Source code for quantammsim.runners.robust_walk_forward

"""
Robust Walk-Forward Training Utilities

This module provides core utilities for walk-forward analysis:

1. **Rademacher Complexity (Paleologo)**
   - Compute empirical Rademacher complexity from checkpoint returns
   - Apply haircut to OOS performance estimates

2. **Walk-Forward Efficiency (Pardo)**
   - Compute WFE = OOS performance / IS performance
   - Standard metric for assessing robustness

3. **Cycle Generation**
   - Generate walk-forward train/test splits
   - Support for rolling and expanding windows

Key References:
- Pardo, "The Evaluation and Optimization of Trading Strategies" (2008)
- Paleologo, "The Elements of Quantitative Investing" (2024), Ch. 6
"""

import numpy as np
from dataclasses import dataclass
from typing import List, Tuple
from datetime import datetime


# =============================================================================
# Data Classes
# =============================================================================


[docs]
@dataclass
class WalkForwardCycle:
    """Specification for a single walk-forward train/test cycle.

    Defines one segment of a walk-forward analysis: a contiguous training
    window followed by a contiguous test window.  Date fields are set at
    cycle-generation time; index fields are populated later once the price
    data has been loaded and aligned.

    Attributes
    ----------
    cycle_number : int
        Zero-based index of this cycle within the walk-forward sequence.
    train_start_date : str
        Training window start date (``"YYYY-MM-DD HH:MM:SS"``).
    train_end_date : str
        Training window end date (inclusive).
    test_start_date : str
        Test window start date, typically equal to ``train_end_date``.
    test_end_date : str
        Test window end date (inclusive).
    train_start_idx : int
        Row index into the price array for the start of training.
        Default 0; populated after data loading.
    train_end_idx : int
        Row index for the end of training.
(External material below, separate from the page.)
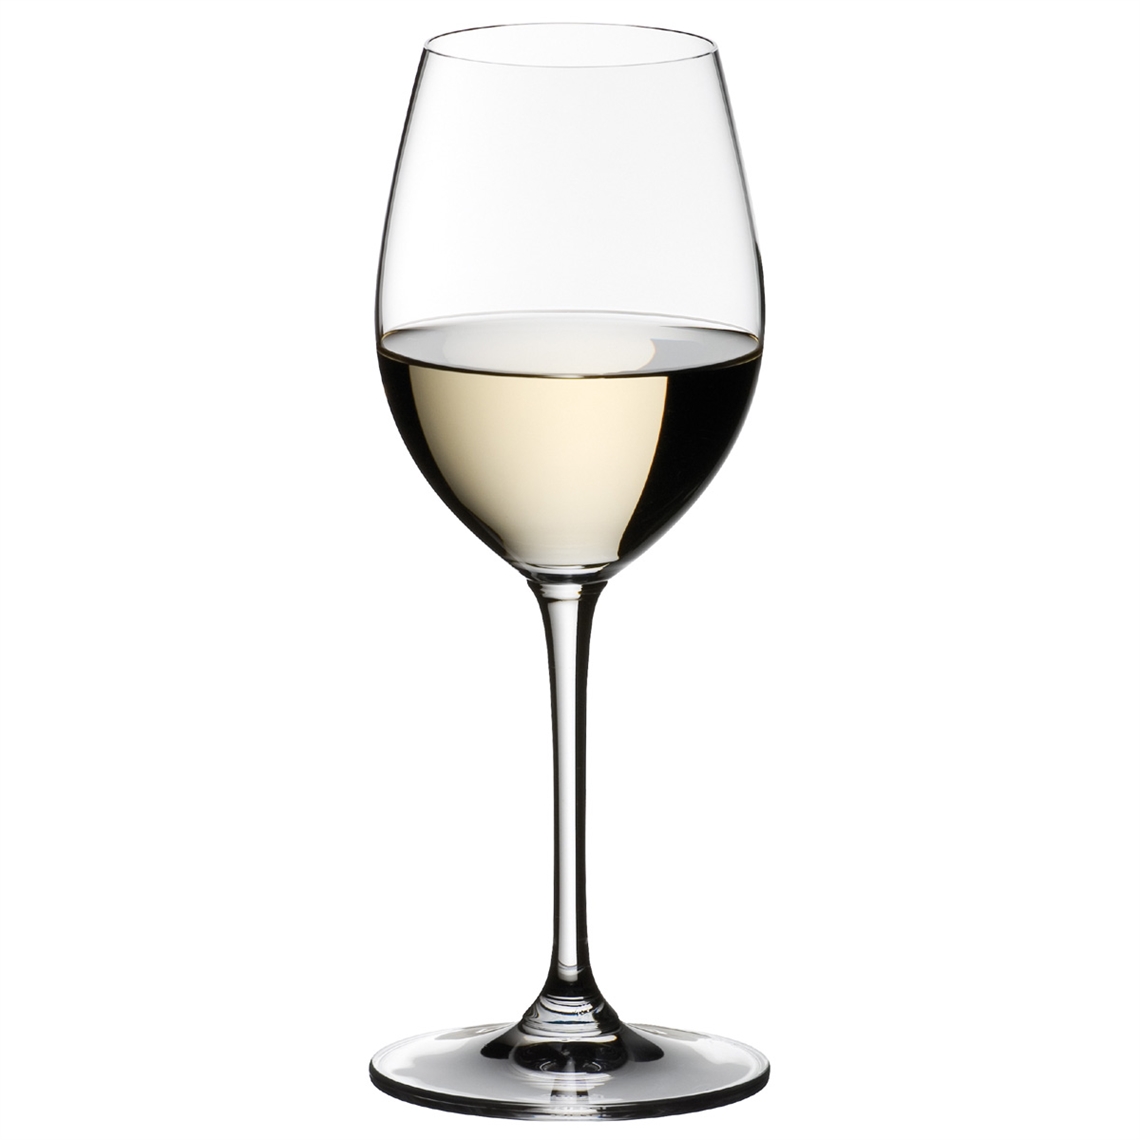 View more fortissimo from our Dessert Wine Glasses range

Default 0.
    test_start_idx : int
        Row index for the start of testing. Default 0.
    test_end_idx : int
        Row index for the end of testing. Default 0.
    """
    cycle_number: int
    train_start_date: str
    train_end_date: str
    test_start_date: str
    test_end_date: str
    # Indices populated after data loading
    train_start_idx: int = 0
    train_end_idx: int = 0
    test_start_idx: int = 0
    test_end_idx: int = 0



# =============================================================================
# Rademacher Complexity Utilities
# =============================================================================


[docs]
def compute_empirical_rademacher(
    returns_matrix: np.ndarray,
    n_samples: int = 1000,
    seed: int = 42,
) -> float:
    """
    Compute empirical Rademacher complexity of a set of strategies.
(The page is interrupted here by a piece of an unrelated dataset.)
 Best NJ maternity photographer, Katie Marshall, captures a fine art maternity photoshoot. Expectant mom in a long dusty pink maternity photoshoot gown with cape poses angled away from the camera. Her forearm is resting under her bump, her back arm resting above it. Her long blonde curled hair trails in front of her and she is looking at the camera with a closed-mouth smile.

    The Rademacher complexity measures how well the strategy class can
    "fit" random noise. Higher complexity = more overfitting risk.

    Parameters
    ----------
    returns_matrix : ndarray of shape (n_strategies, T)
        Returns time series for each strategy (checkpoint)
    n_samples : int
        Number of random sign vectors to sample
    seed : int
        Random seed for reproducibility

    Returns
    -------
    float
        Empirical Rademacher complexity R̂

    Notes
    -----
    R̂ = E_σ[sup_s (1/T) Σ_t σ_t r_s(t)]

    where σ_t are random Rademacher variables (±1 with prob 0.5)
    """
    if returns_matrix.ndim == 1:
        returns_matrix = returns_matrix.reshape(1, -1)
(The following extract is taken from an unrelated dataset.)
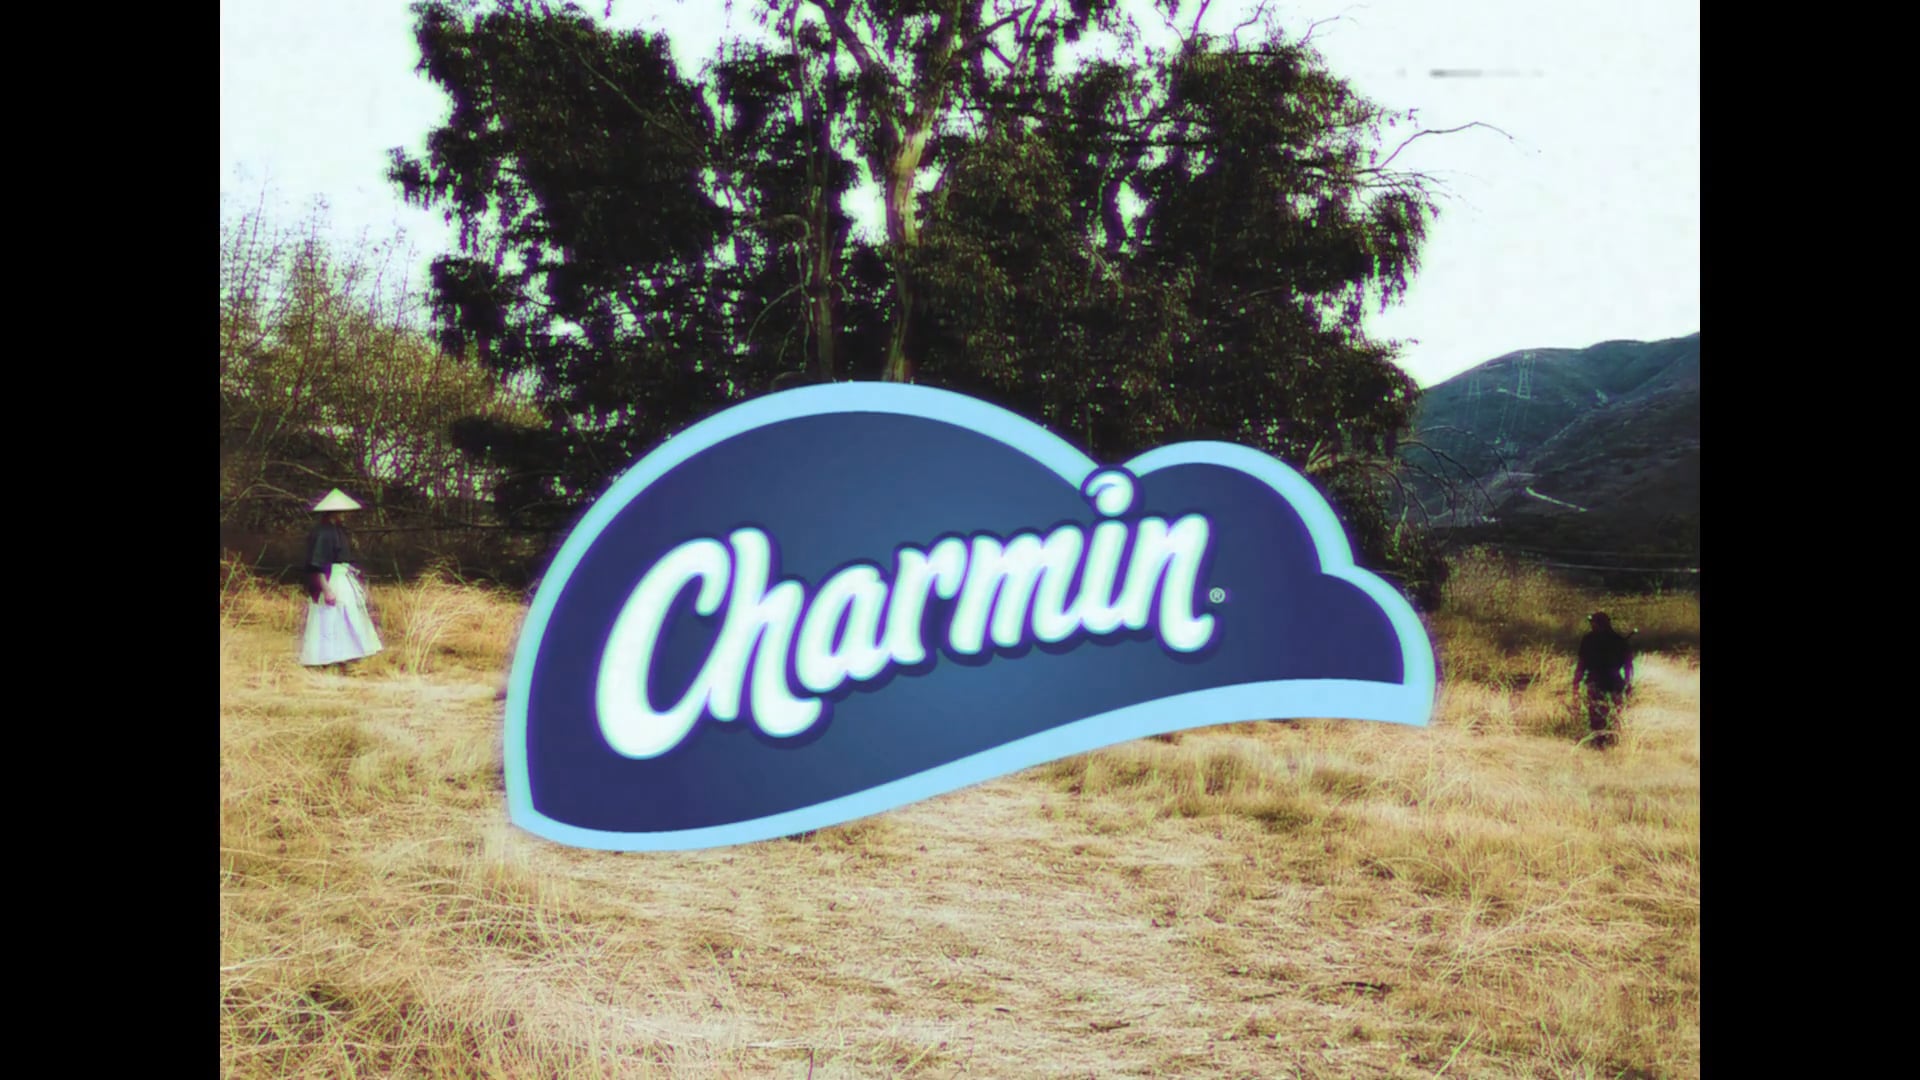 Commercial | Charmin - The Last Roll

    n_strategies, T = returns_matrix.shape

    if n_strategies == 0 or T == 0:
        return 0.0

    rng = np.random.RandomState(seed)
    suprema = []

    for _ in range(n_samples):
        # Random Rademacher signs
        sigma = rng.choice([-1, 1], size=T)

        # Correlation of each strategy with random signs
        correlations = returns_matrix @ sigma / T

        # Supremum over strategies
        sup = np.max(correlations)
        suprema.append(sup)

    return np.mean(suprema)




[docs]
def compute_rademacher_haircut(
    observed_sharpe: float,
    rademacher_complexity: float,
    T: int,
    delta: float = 0.05,
) -> Tuple[float, float]:
    """
    Compute Rademacher-adjusted performance bound.

    From Paleologo (2024):
    θ_n ≥ θ̂_n - 2R̂ - estimation_error

    Parameters
    ----------
    observed_sharpe : float
        Observed Sharpe ratio on test data
    rademacher_complexity : float
        Empirical Rademacher complexity R̂
    T : int
        Number of time periods in test data
    delta : float
        Confidence level (default 0.05 for 95% confidence)

    Returns
    -------
    Tuple[float, float]
        (adjusted_sharpe, haircut_magnitude)
    """
    # Guard against T=0 which would cause division by zero
    if T <= 0:
        return float('nan'), float('nan')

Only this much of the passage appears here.